Nox se quedó confuso al oír lo que dijo, pero no le dio muchas vueltas y dirigió su mirada hacia el joven de aspecto rudo, que se estaba orinando en los pantalones mientras temblaba.
—L-lo sien…
—intentó mover la mandíbula, pero sus palabras se vieron interrumpidas cuando una andanada de proyectiles ensangrentados se dirigió hacia él.
Invocó un escudo para desviar la andanada, pero los proyectiles sangrientos lo destrozaron sin esfuerzo, como si nunca hubiera sido un obstáculo.
—¡Esto será una advertencia para todos vosotros!
Los de dentro y los de fuera —retumbó la voz de Nox mientras docenas de espadas atravesaban al joven.
Una lanza afilada como una navaja le empaló las piernas, seguida de una daga curva que se le incrustó profundamente en el hombro.
¡¡¡Argh!!!
Gritos de dolor llenaron el aire.
Antes de que el joven pudiera hacer ningún movimiento innecesario, unas cadenas sangrientas lo envolvieron, apretándose con una fuerza aplastante.

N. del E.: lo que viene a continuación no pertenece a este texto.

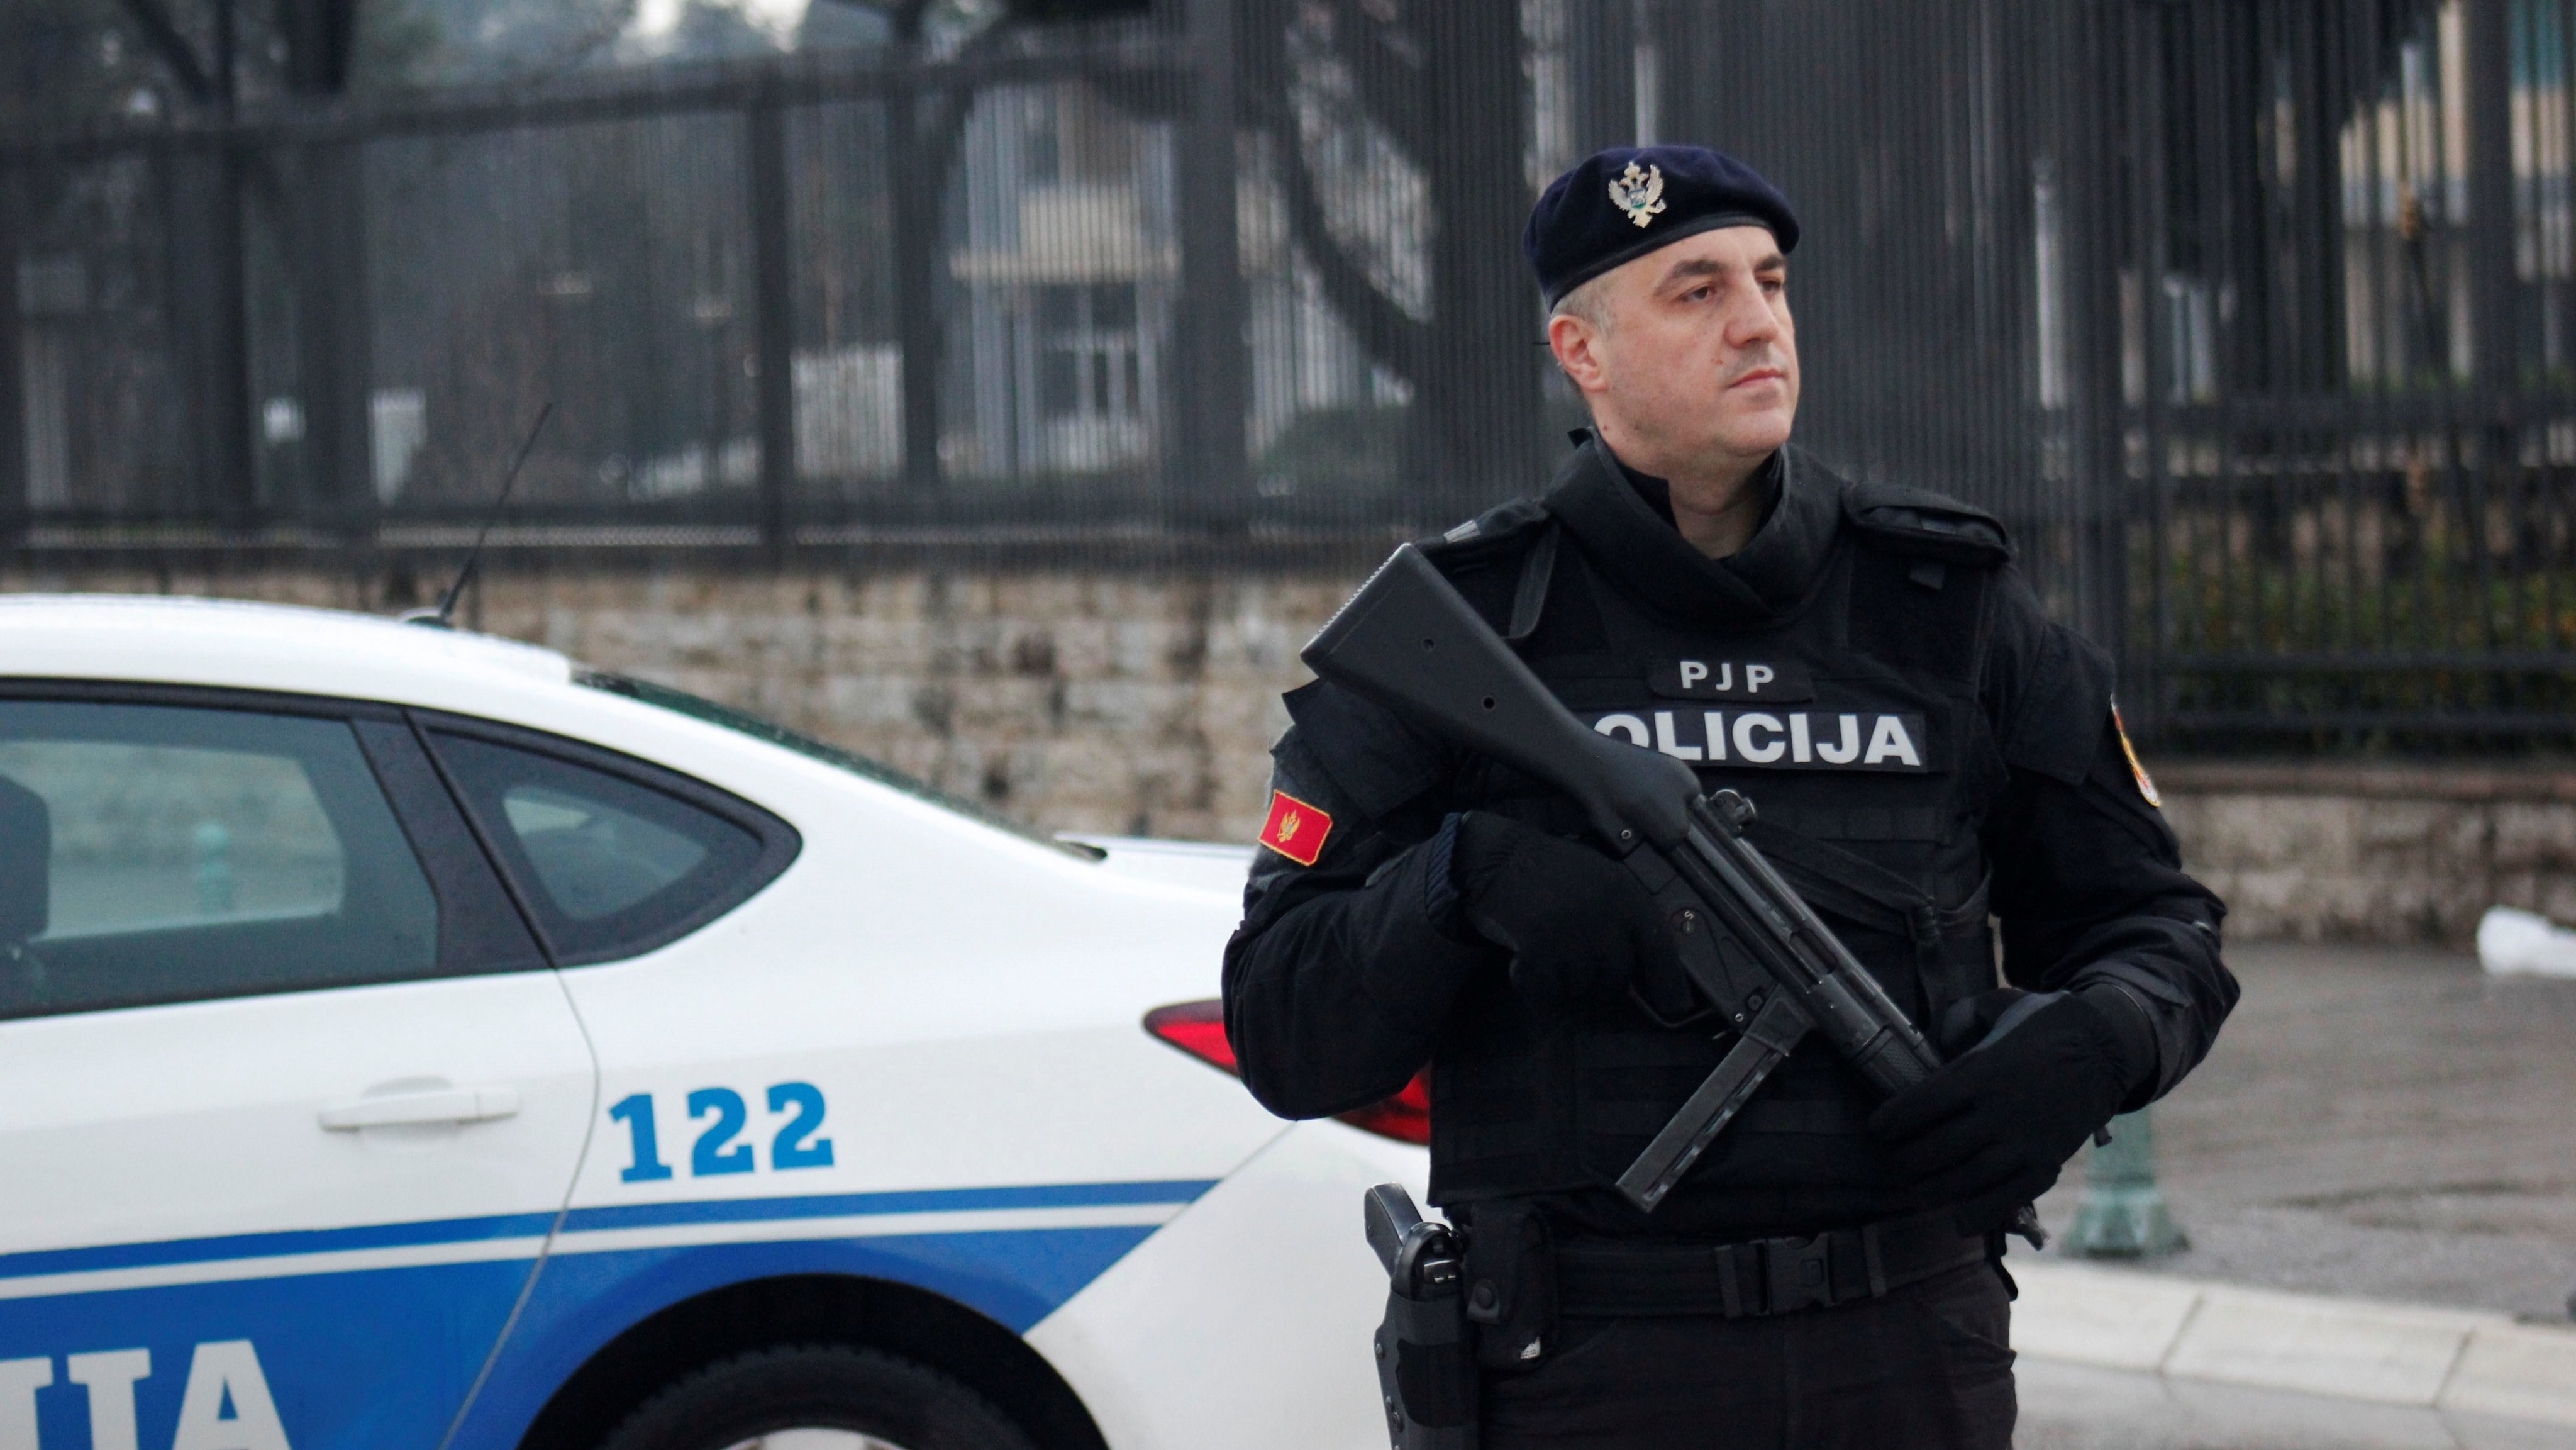 US Embassy in Montenegro attacked with grenade

Luego, dos enormes hachas de sangre se materializaron sobre su cabeza.
Con un movimiento de la muñeca de Nox, descendieron, cortando el aire.
¡Chas!
—Nunca os metáis con un Cromwell —terminó su frase.
Sin esperar a que las hachas atravesaran al desafortunado joven, Nox se volvió hacia los demás.
Antes de que pudieran reaccionar, las armas de sangre se volvieron hacia ellos, y una tormenta de espadones y lanzas voló por el aire, atravesándolos uno tras otro.
Ningún arma erró su blanco.
Rodaron cabezas, los cuerpos se desplomaron y la sangre salpicó todo el campo de batalla.
Fuera, la gente de los otros pueblos tenía expresiones solemnes mientras presenciaban cómo masacraban a los suyos.
Mientras tanto, los Cromwells saltaban y celebraban con júbilo, tanto en los terrenos del ducado como en la baronía…
Pero en lugar de sonreír como los demás, el rostro de Nathan estaba sombrío, porque…
porque Hendrix aún no había aparecido en la plataforma de combate como los demás.